While SAC's bombers dominated the headlines, Mather's longest continuous mission was quieter: training the people who told pilots where to go. From 1946 until the base closed in 1993, Mather operated a navigation school under various names -- the USAF Bombardier School, the Aircraft Observer's School, and finally the USAF Navigator School. For forty-seven years, navigators learned celestial observation, dead reckoning, and electronic fixes in the Sacramento Valley's clear skies. The 3535th Navigator Training Wing ran the program from 1948 to 1963, and the 323d Flying Training Wing carried it forward from 1973 through closure. Generations of Air Force navigators passed through Mather, learning the art that would guide them over oceans, deserts, and polar ice. By the time GPS satellites rendered their craft largely obsolete, thousands had earned their wings on this patch of California grassland.

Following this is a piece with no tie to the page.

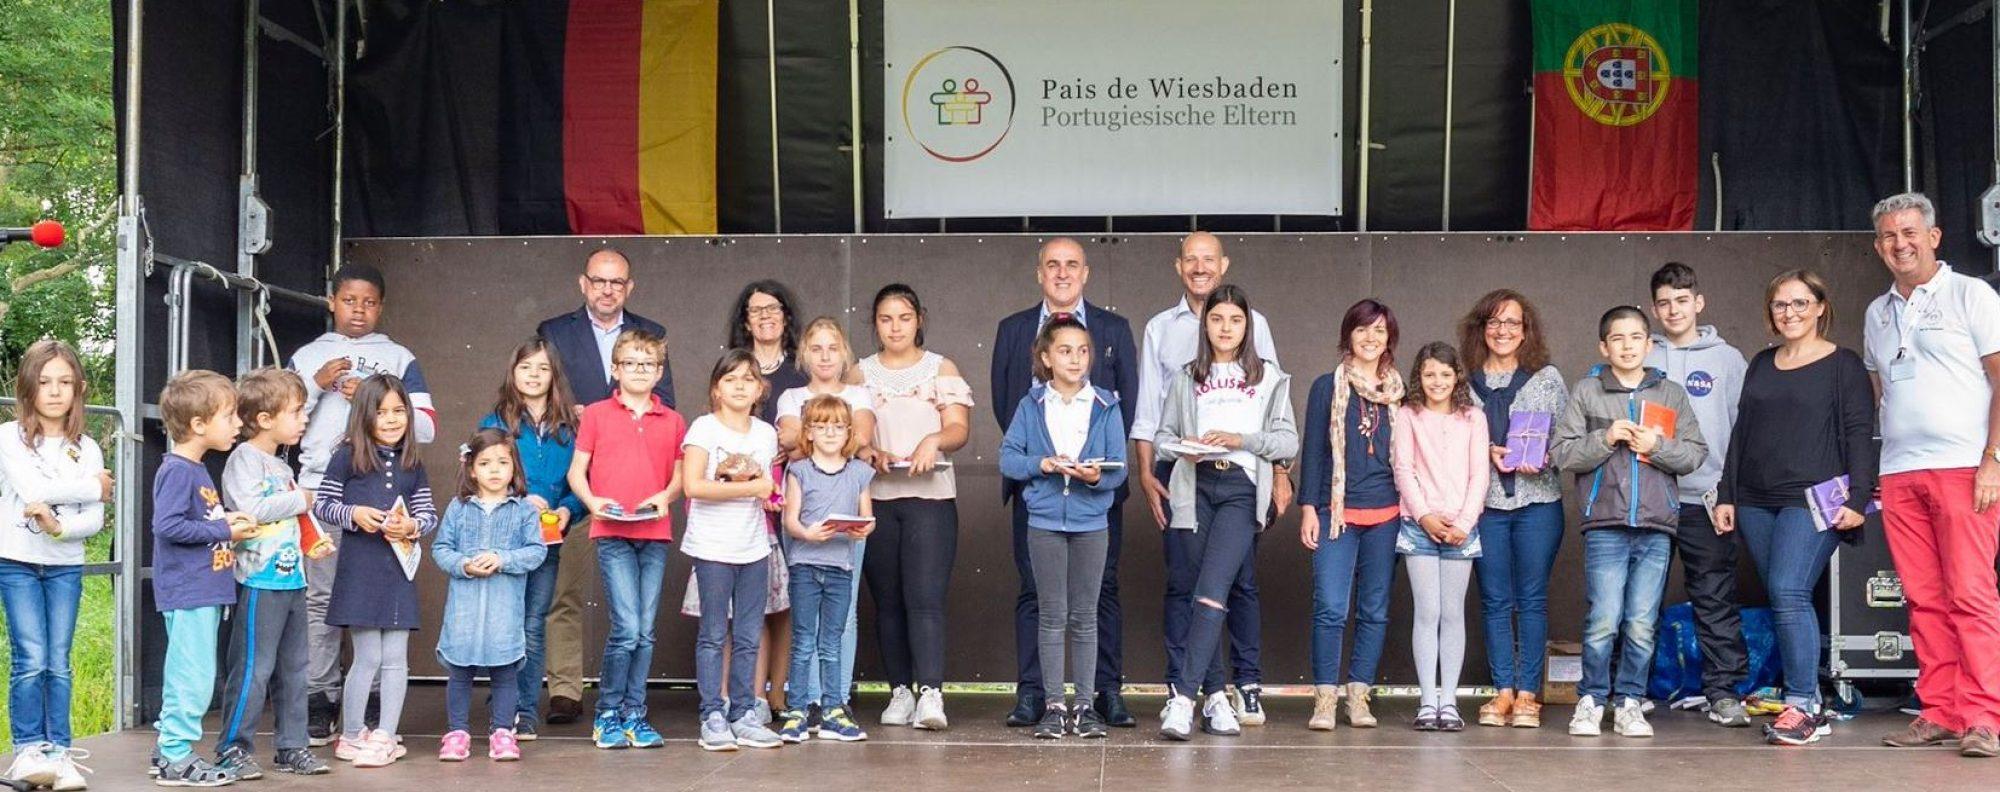 Pais de Wiesbaden

Parts of the airfield appeared on the National Priorities List as a Superfund site on July 22, 1987, and the entire base was listed on November 21, 1989 -- four years before it even closed. On September 30, 1993, the 5,845 acres of Mather AFB were decommissioned under the 1988 Base Realignment and Closure Commission. The Cold War was over, and the calculus that had justified nuclear bombers on Sacramento's doorstep no longer held. Most of the land transferred to Sacramento County. What emerged from the transfer was a patchwork of reinvention: Sacramento Mather Airport opened in 1995, alongside Mather Regional Park, a Veterans Administration Medical Center, and the FAA's Northern California radar approach control facility. Part of the land was absorbed into the City of Rancho Cordova when it incorporated in 2003. The 149th Intelligence Squadron of the 195th Wing, Air National Guard, maintains the last uniformed presence on the former airfield.

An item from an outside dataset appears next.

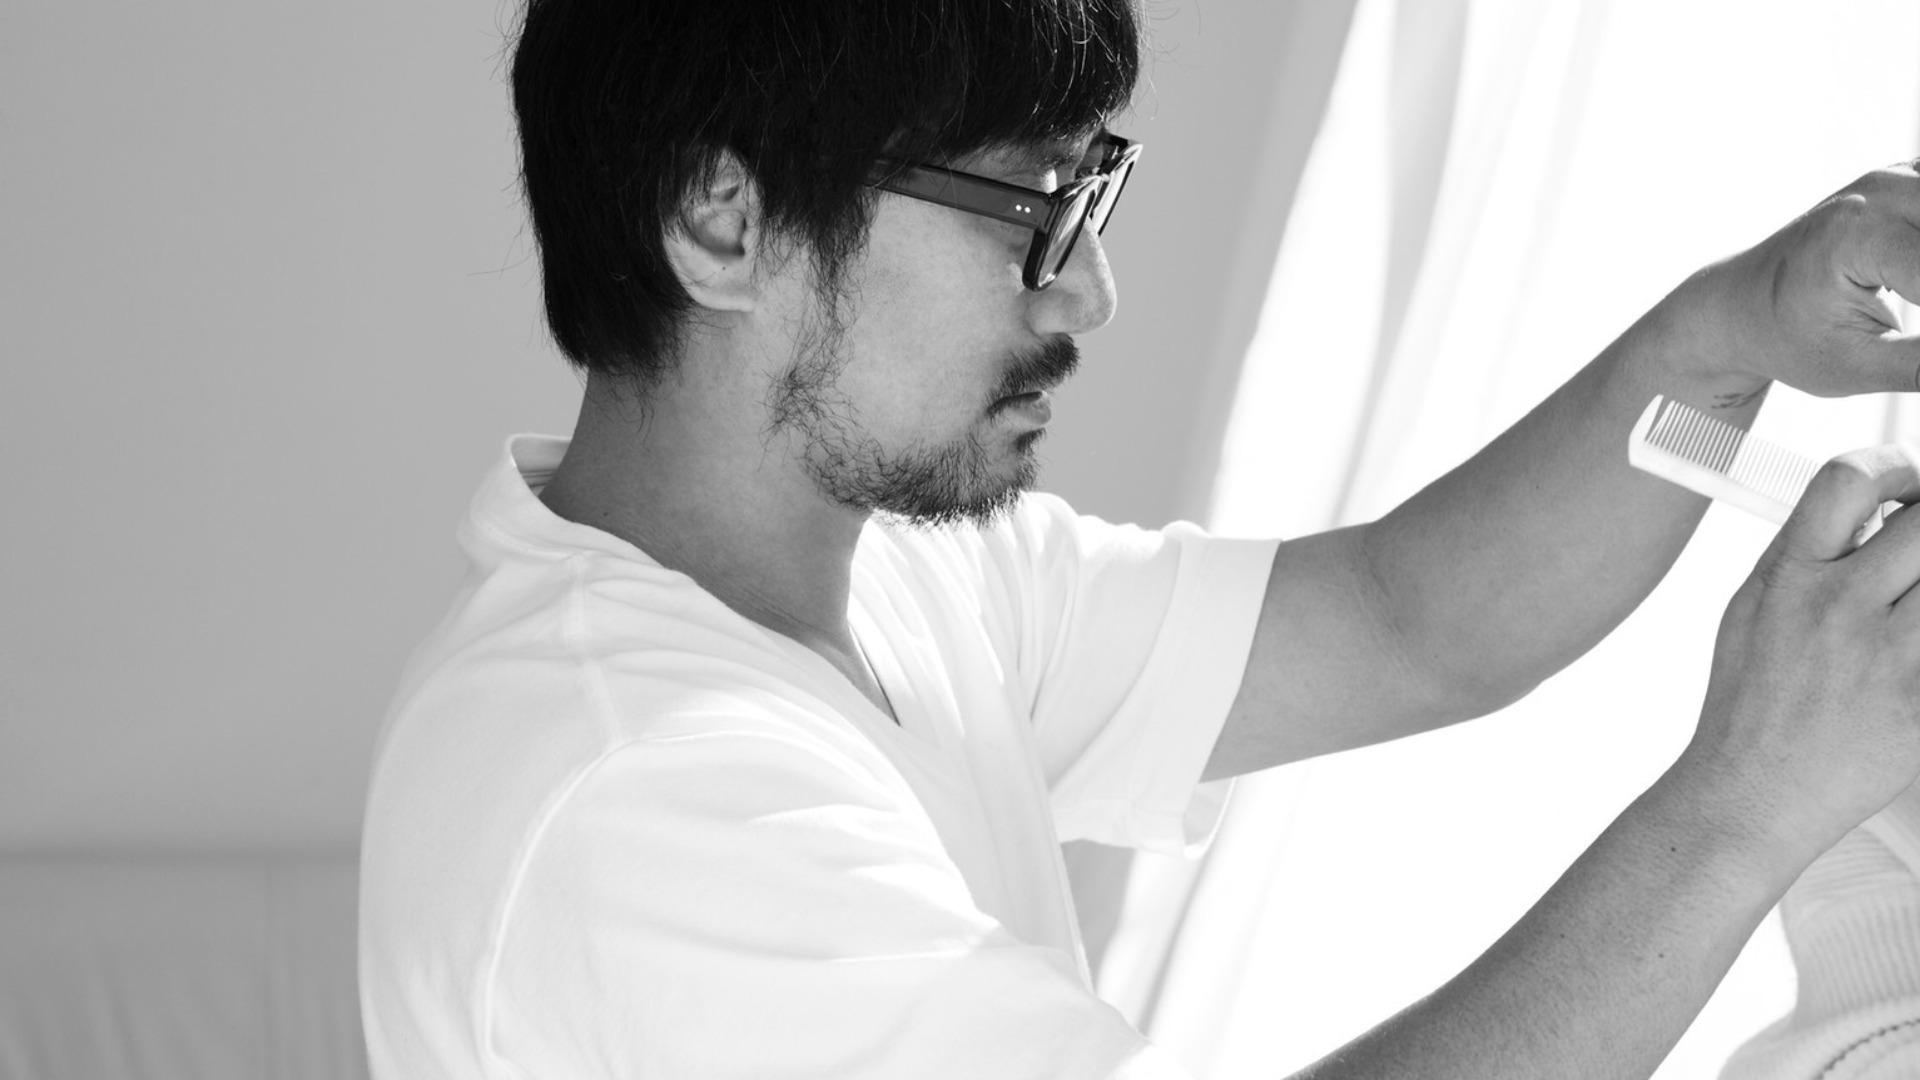 河北裕介 / YUSUKE KAWAKITA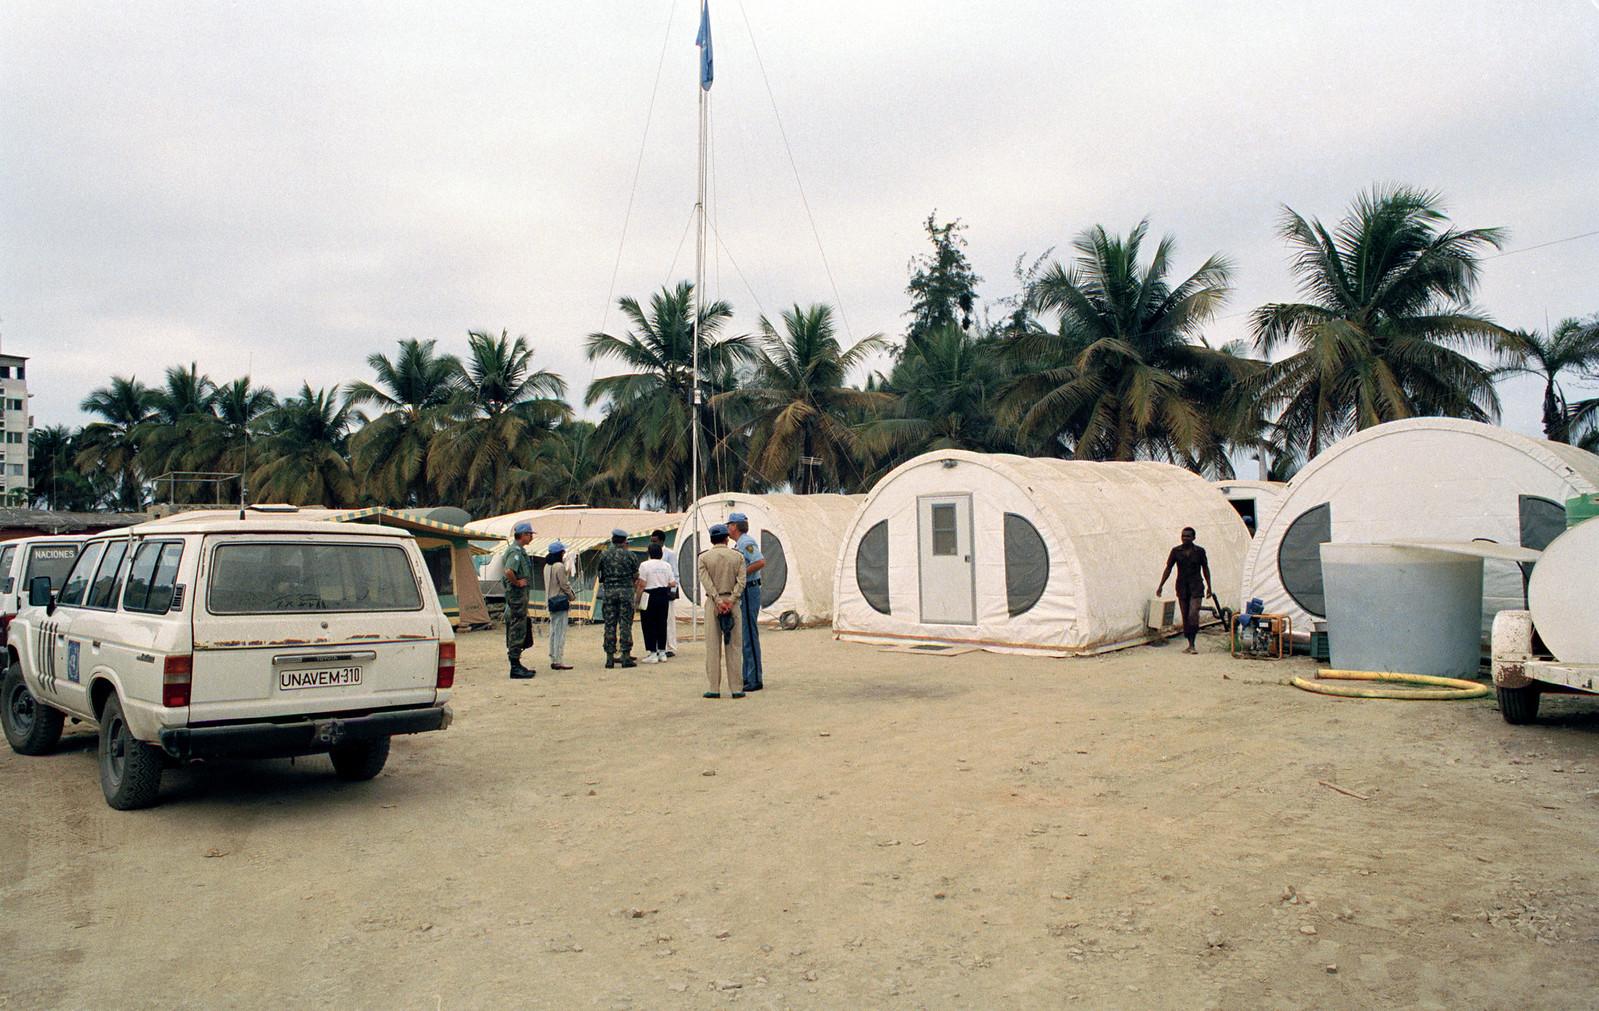 UNAVEM II, Angola (1989-99)

Perhaps the strangest legacy of Mather Air Force Base is botanical. The grasslands that surrounded the runways harbor rare vernal pools -- seasonal wetlands unique to California that fill with winter rains and dry to cracked earth by summer. These ephemeral ponds support species found almost nowhere else: Ahart's Dwarf Rush, Boggs Lake hedgehyssop, the rare Legenere limosa, Yellow Mariposa Lily, and the Vernal Pool Buttercup. The ecological community that predated the base -- native grasses, forbs, and the arthropods and mammals that depend on them -- persisted through decades of military operations, jet exhaust, and nuclear alert. The vernal pools do not care about base closures or BRAC commissions. They fill when the rains come and vanish when they stop, as they have for millennia. That they survived at all, thriving in the shadow of B-52s, is a quiet rebuke to the notion that military and natural landscapes cannot coexist.

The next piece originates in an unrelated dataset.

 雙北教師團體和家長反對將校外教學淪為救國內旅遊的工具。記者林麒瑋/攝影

Located at 38.554N, 121.298W, 12 miles east of downtown Sacramento on the south side of US Route 50. The former military runway is now Sacramento Mather Airport (KMHR). Sacramento Executive Airport (KSAC) lies approximately 10nm west-southwest; Sacramento International (KSMF) is 18nm northwest. The long east-west runway and surrounding grid of taxiways remain clearly visible from altitude. Beale AFB (KBAB) is approximately 30nm north-northeast. The flat Sacramento Valley terrain makes the airfield easy to spot from 5,000 feet AGL or above.